La collection « La Cosmopolite » des éditions Stock ne me déçoit presque jamais. J’y ai fait la découverte de très bons auteurs comme Anne Tyler ou encore Emma Donoghue. Et c’est un peu par hasard si j’ai jeté mon dévolu sur cet auteur américain que je ne connaissais pas, interpellée par le résumé assez choquant de son livre. Un adolescent se jette tête la première contre un mur de gymnase, courant et se heurtant, encore et encore, jusqu’à perdre conscience. Mais qu’est-ce qui a bien pu lui prendre ? C’est là la grande question du roman. A partir de ce drame, l’auteur déploie son intrigue pour nous expliquer la raison de ce geste. Entre passé et présent, Timothy S. Lane louvoie par à-coups, nous ouvrant à des instantanés du quotidien d’une famille lambda, qui n’aura pas été épargnée par la vie.

La narration est ingénieuse. Elle égrène les heures entre le geste désespéré de Jimmy, multipliant les allers-retours entre le passé de ses parents et le présent où sa famille est éclatée. Les révélations se font au compte-goutte, l’auteur cherchant tout d’abord à nous laisser apprivoiser les Kirkus, de père en fils. Du père, star de basket au fils lui-même doué pour ce sport. Le parallèle entre Jimmy et son père puis entre son père est son grand-père est tracé. Timothy S. Lane analyse les relations père-fils avec beaucoup de tact et une grande lucidité. Que ce soit en cherchant à tout prix à se démarquer de son père pour ne pas répéter les erreurs du passé ou en voulant au contraire marcher sur ses traces pour mieux rivaliser avec la figure paternelle, l’auteur explore toutes les pistes des rapports père-fils.

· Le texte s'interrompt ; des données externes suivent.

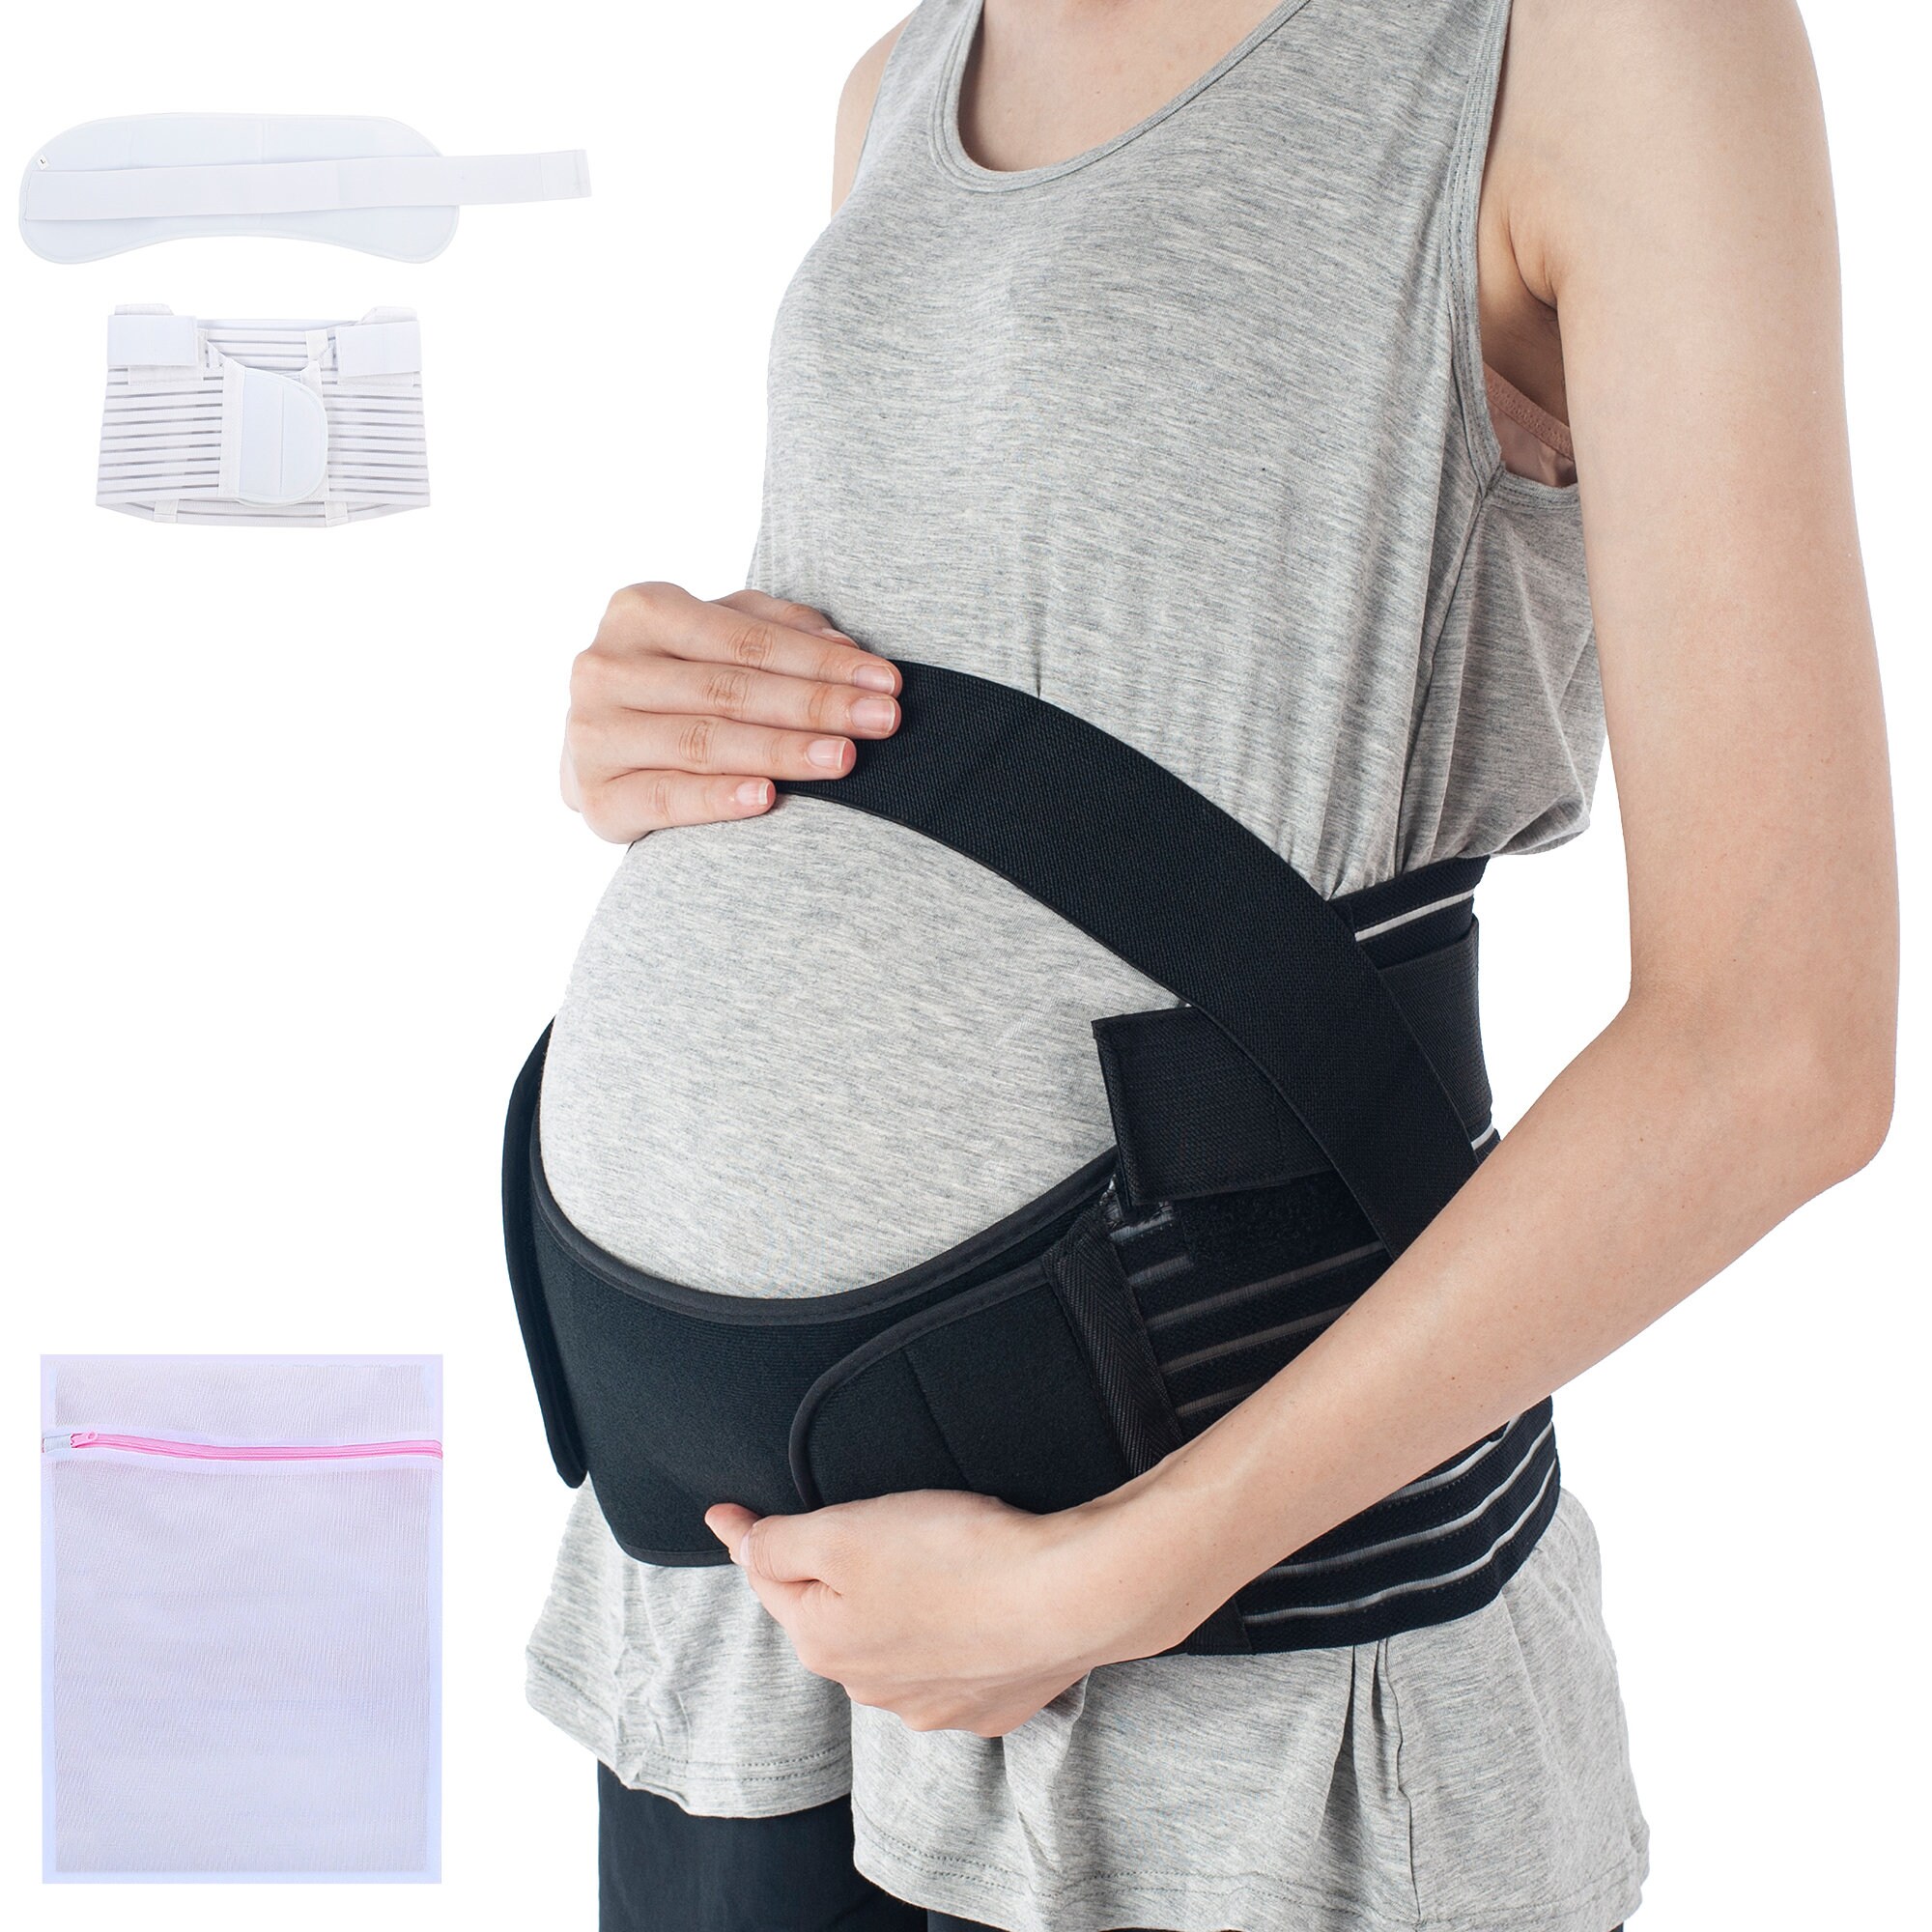 Black NIUJIASI Pregnancy Belly Support Band with Shoulder Strap for Back M Maternity Waist/Back/Abdomen Band Hip & Pelvic Pressure Relief 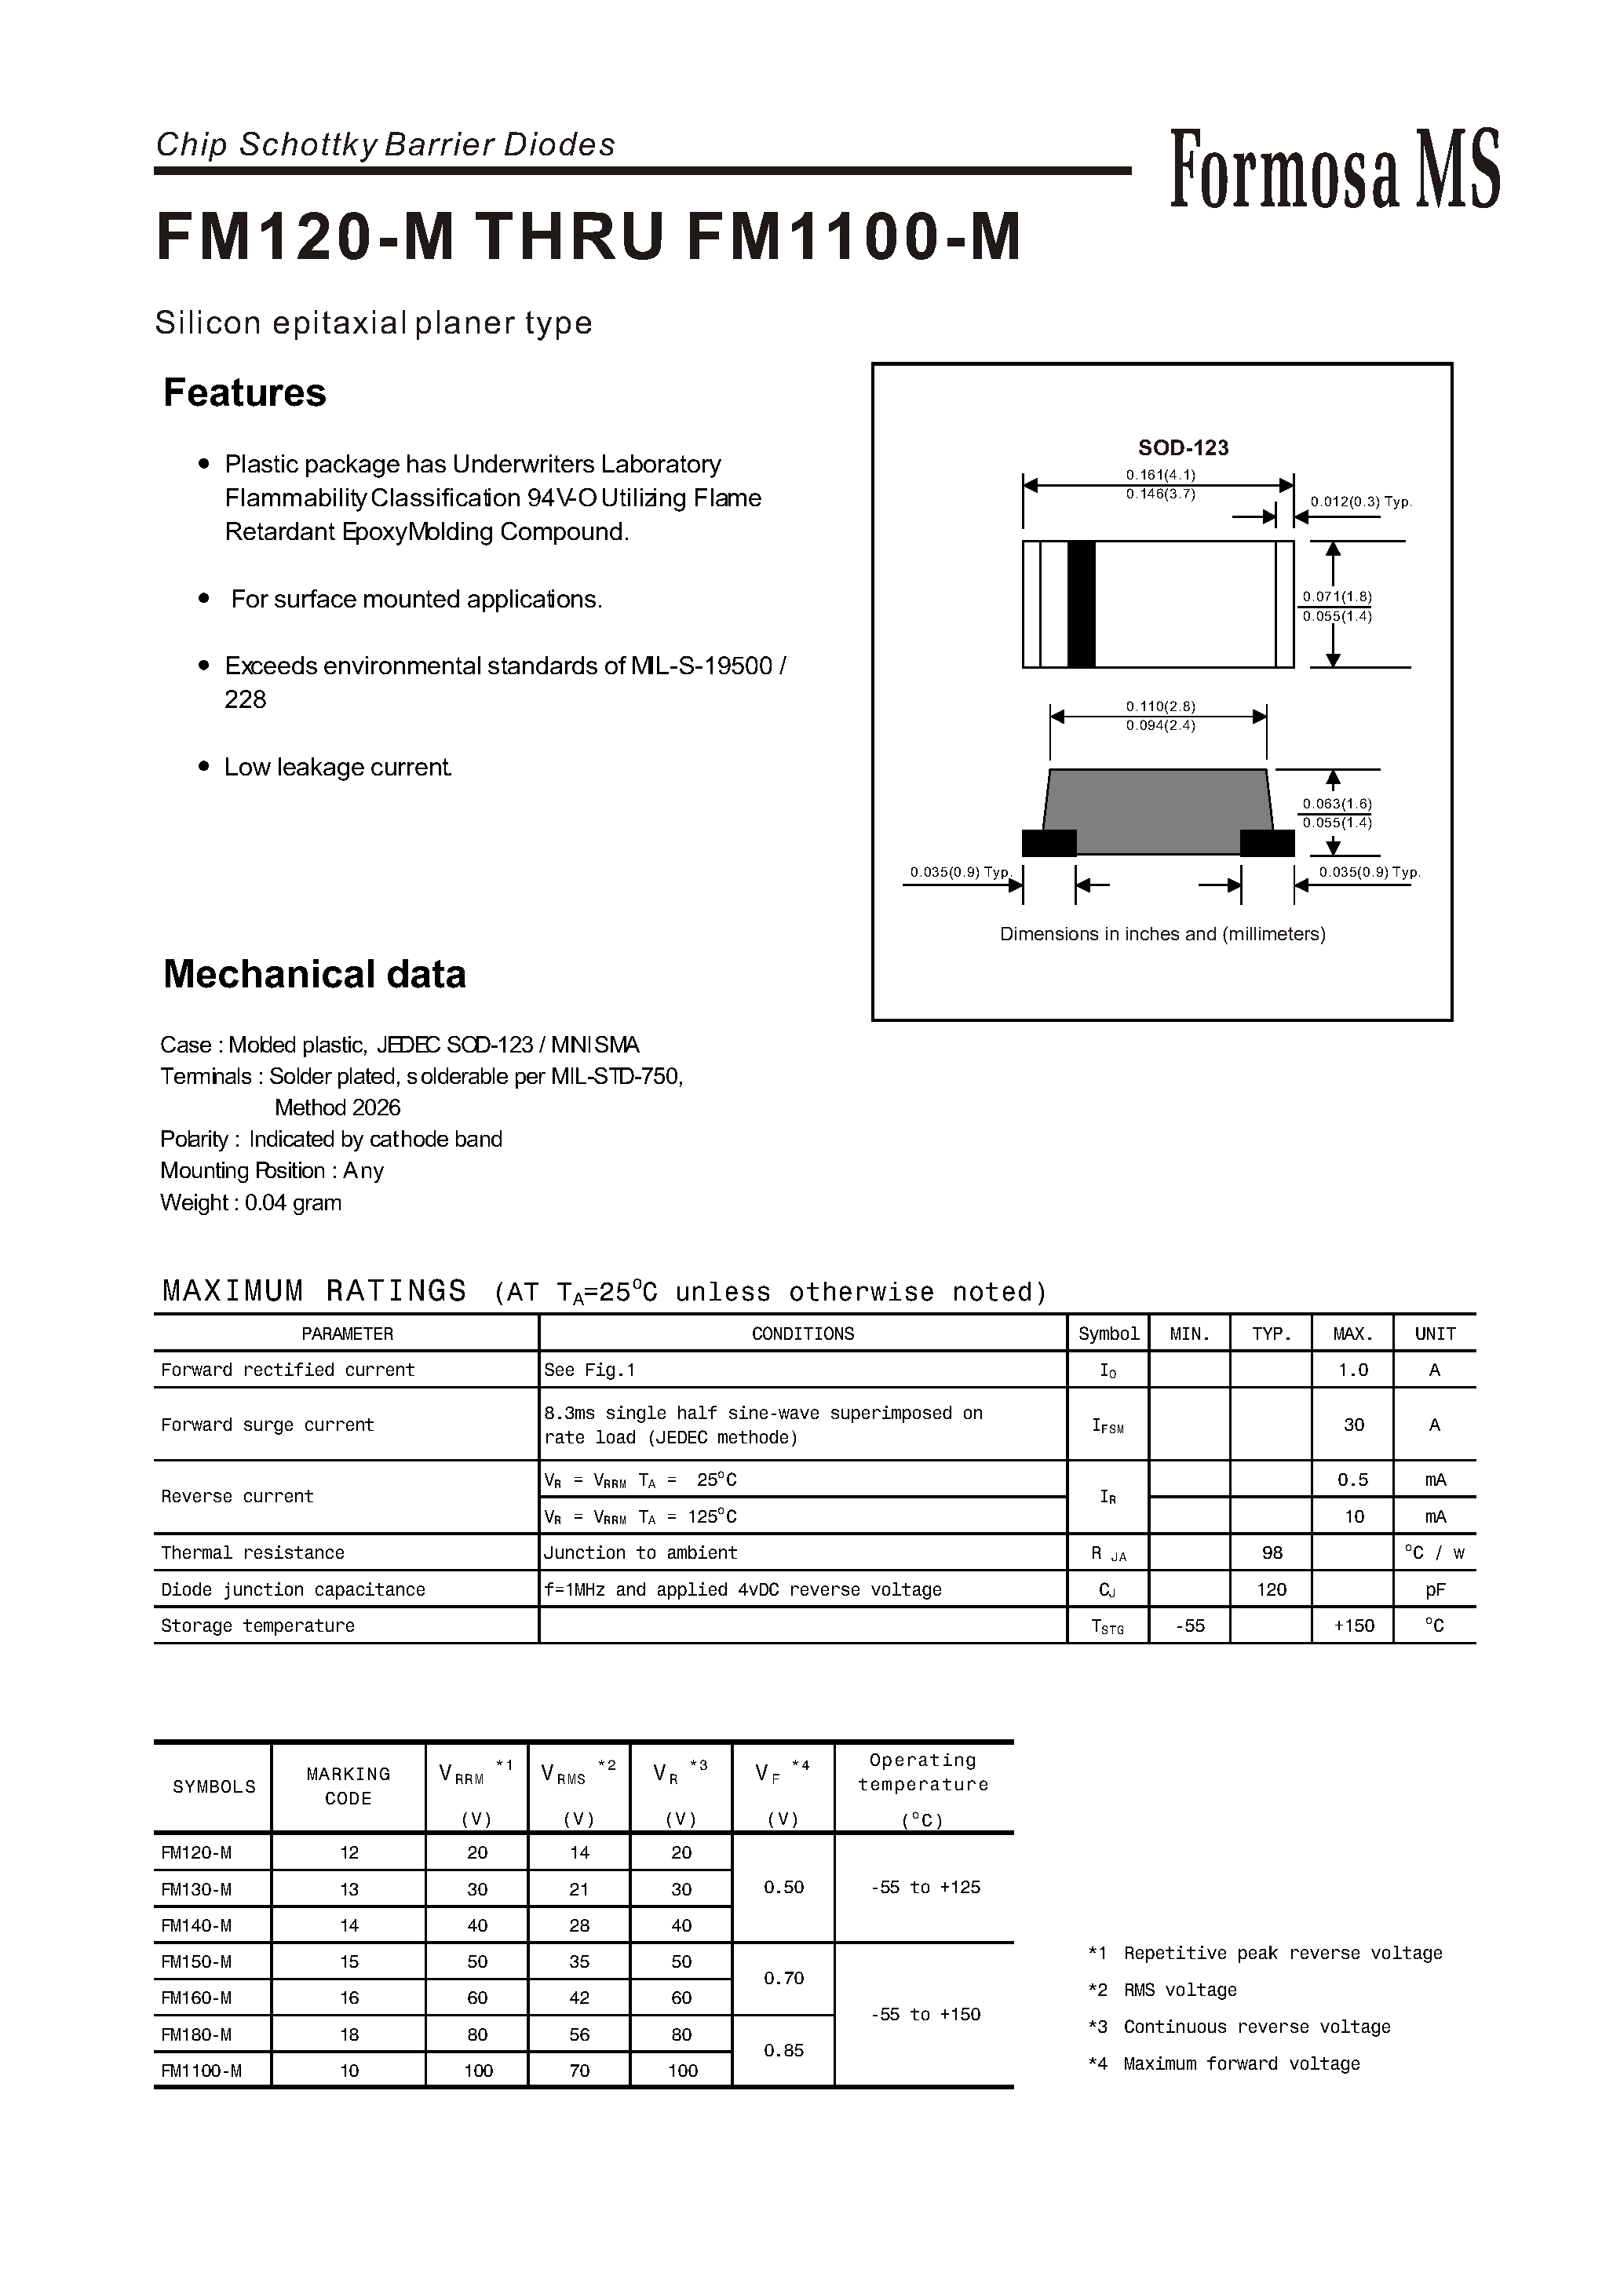 Datasheet FM140-M - Silicon epitaxial planer type page 1

Chacun des personnages, bien que truffé de failles, possède un charisme impressionnant. Je me suis attachée à chacun d’entre eux. La figure du grand-père, sorte de vieux fou vagabond, m’a particulièrement émue. La scène entre les trois générations réunie sur le terrain de basket est un vrai crève-cœur. La plume sait se faire poignante sans verser dans le pathos. J’ai d’ailleurs éprouvé une grande facilité à visualiser les évènements tant l’auteur est communicatif. Mieux, j’ai eu parfois l’impression de voir un film se dérouler devant mes yeux, à tel point que j’ai même choisi des acteurs pour tous les rôles ! Ce roman ferait un très grand film à n’en pas douter.

On espère des lendemains meilleurs pour cette famille touchée par la tragédie et contre qui le mauvais sort semble s’acharner. Mais « La malédiction Kirkus » frappe et n’épargne rien sur son passage. Peu à peu, on découvre l’ampleur du drame et on finit par saisir les raisons qui ont poussé Jimmy à se fracasser le crâne… En dehors des liens familiaux, l’auteur dresse également le portrait de ces petites villes où chacun se connait et où l’on s’approprie la renommée de ces jeunes talents qui réussissent. L’atmosphère oppressive qui s’en dégage est un poids de plus pour qui cherche à se faire oublier. Vous avez beau faire des efforts, batailler de toutes vos forces pour vous sortir la tête de l’eau, c’est impossible si tous les habitants épient vos moindres faits et gestes et se posent en donneurs de leçons. L’auteur livre une réflexion éclairée sur la notion de réputation et de célébrité, même éphémère. Faites une erreur une fois et elle vous collera à la peau comme de la super glue. Un très beau roman, émouvant et cruel, pénétrant et pudique. Inoubliable. A l’image de ces leçons pour « Devenir une légende ».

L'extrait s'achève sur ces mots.